As for the crystalline polyolefin resin, a polypropylene-type resin is preferable. The polypropylene-type resin, which is a thermoplastic resin obtained by polymerizing propylene in the presence of a catalyst, is a crystalline polymer having, for example, an isotactic or a syndiotactic structure or a copolymer of the crystalline polymer and a small amount of an α-olefin (for example, ethylene, 1-butene, 1-hexene, or 4-methyl-1-pentene).

Among such copolymers, a copolymer in which the MFR (in accordance with JIS K7210; 230° C.; and 2.16 kg load (21.18 N)) is from 0.1 g/10 min. to 100 g/10 min. and the crystallinity is from 20 to 70% is preferable.

On this occasion, when the MFR is unduly smaller than 0.1, flowability is deteriorated and, accordingly, a targeted moldability can not be obtained. Whereas, when the MFR is unduly larger than 100, a sufficient physical property cannot be obtained.

Further, in order to obtain a desired moldability or hardness, a polypropylene-type resin is indispensable. However, when the polypropylene-type resin is unduly large in amount, the hardness becomes high while, when the polypropylene-type resin is unduly small in amount, the flowability becomes deteriorated and, accordingly, it becomes difficult to perform injection molding.

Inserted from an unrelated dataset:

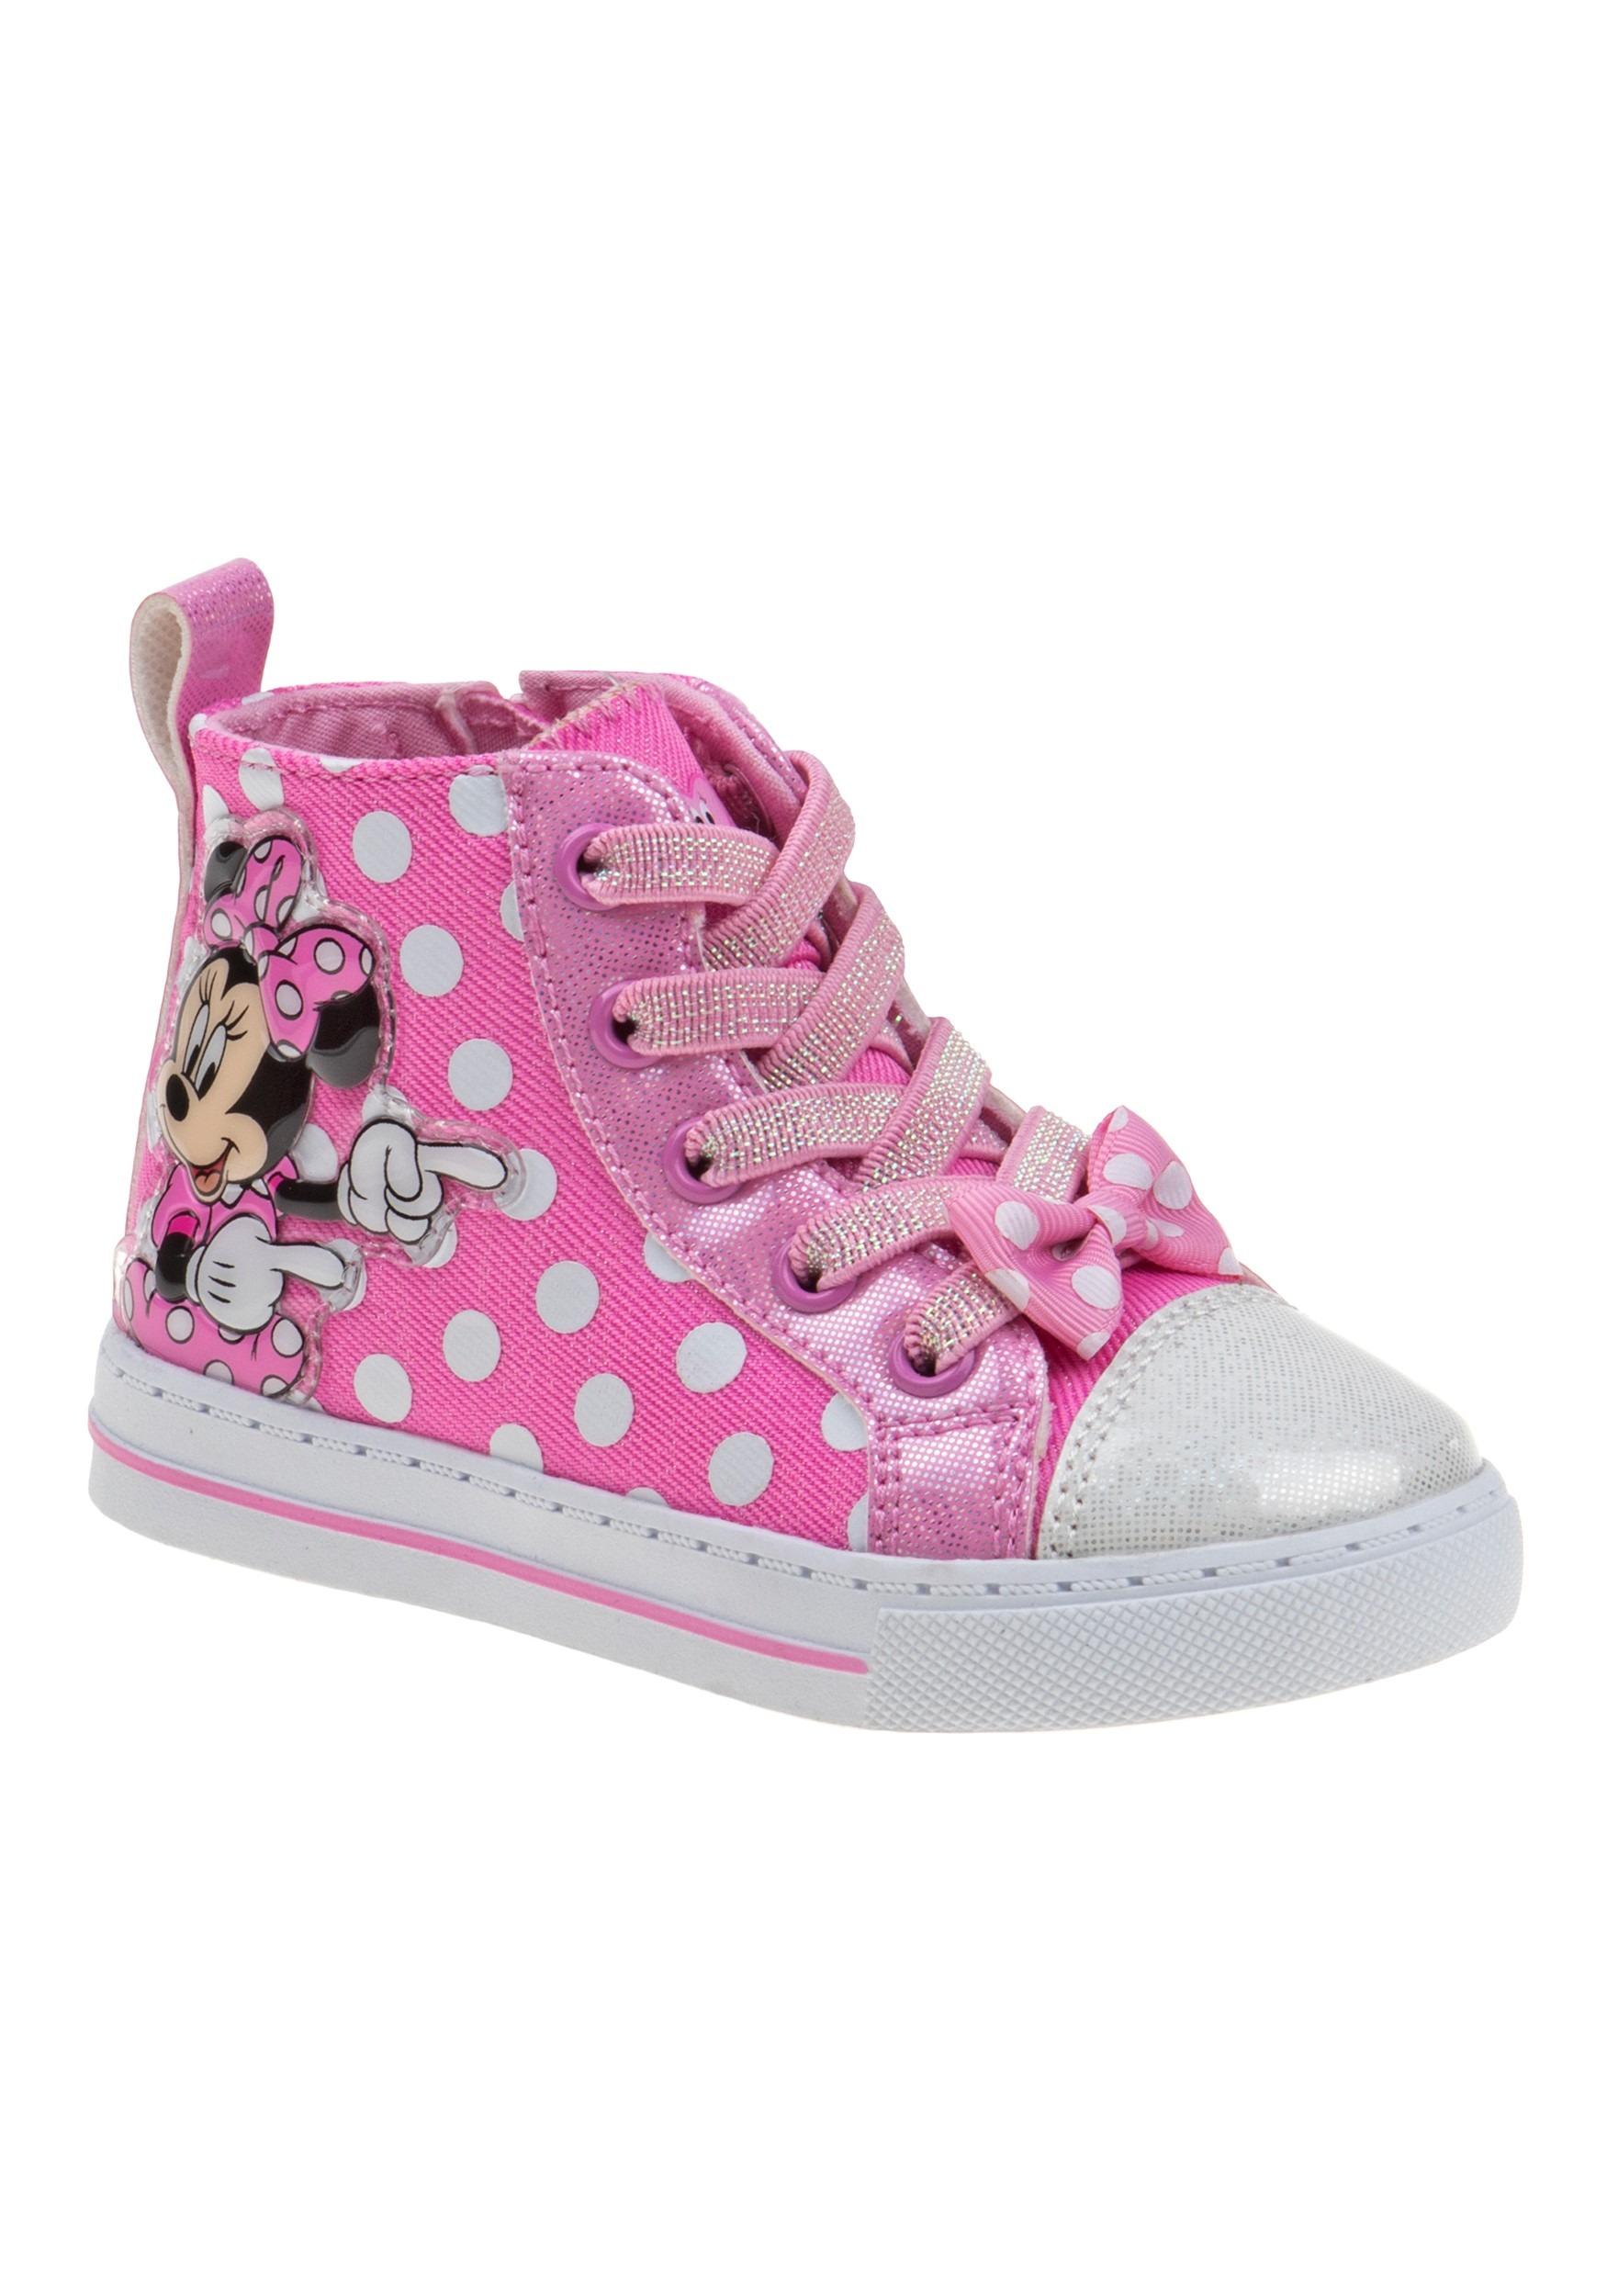 Disney Minnie Mouse Pink Polka Dot Girls Sneakers

Therefore, it is preferable that the crystalline polyolefin resin is contained in an amount of from 10 to 150 parts by weight every 100 parts by weight of the copolymer.

(Softening Agent)

As for the softening agent, a softening agent which is used in an ordinary rubber or thermoplastic elastomer is permissible so long as it is a non-aromatic softening agent having a kinetic viscosity at 40° C. of 300 m²/s or more. Examples of such softening agents include petroleumoil-type softening agents such as process oil, a lubricant and paraffin-type oil; and fatty oil-type softening agents such as castor oil, linseed oil, rapeseed oil, and cocoanut oil.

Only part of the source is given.